** PROVIDED INFORMATION follows **

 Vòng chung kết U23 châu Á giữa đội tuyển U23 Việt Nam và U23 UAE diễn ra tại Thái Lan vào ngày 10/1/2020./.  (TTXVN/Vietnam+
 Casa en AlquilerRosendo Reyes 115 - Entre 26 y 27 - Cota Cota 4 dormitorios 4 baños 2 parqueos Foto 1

** End of PROVIDED INFORMATION **
** PROVIDED INFORMATION follows **

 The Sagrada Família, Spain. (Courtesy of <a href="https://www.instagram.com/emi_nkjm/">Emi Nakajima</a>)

** End of PROVIDED INFORMATION **

» REQUIRED WORK
The response must hold only the lines above from the line with "Vòng chung kết" through the line with "Casa en AlquilerRosendo", each copied exactly, both ends kept.

» THE ANSWER
 Vòng chung kết U23 châu Á giữa đội tuyển U23 Việt Nam và U23 UAE diễn ra tại Thái Lan vào ngày 10/1/2020./.  (TTXVN/Vietnam+
 Casa en AlquilerRosendo Reyes 115 - Entre 26 y 27 - Cota Cota 4 dormitorios 4 baños 2 parqueos Foto 1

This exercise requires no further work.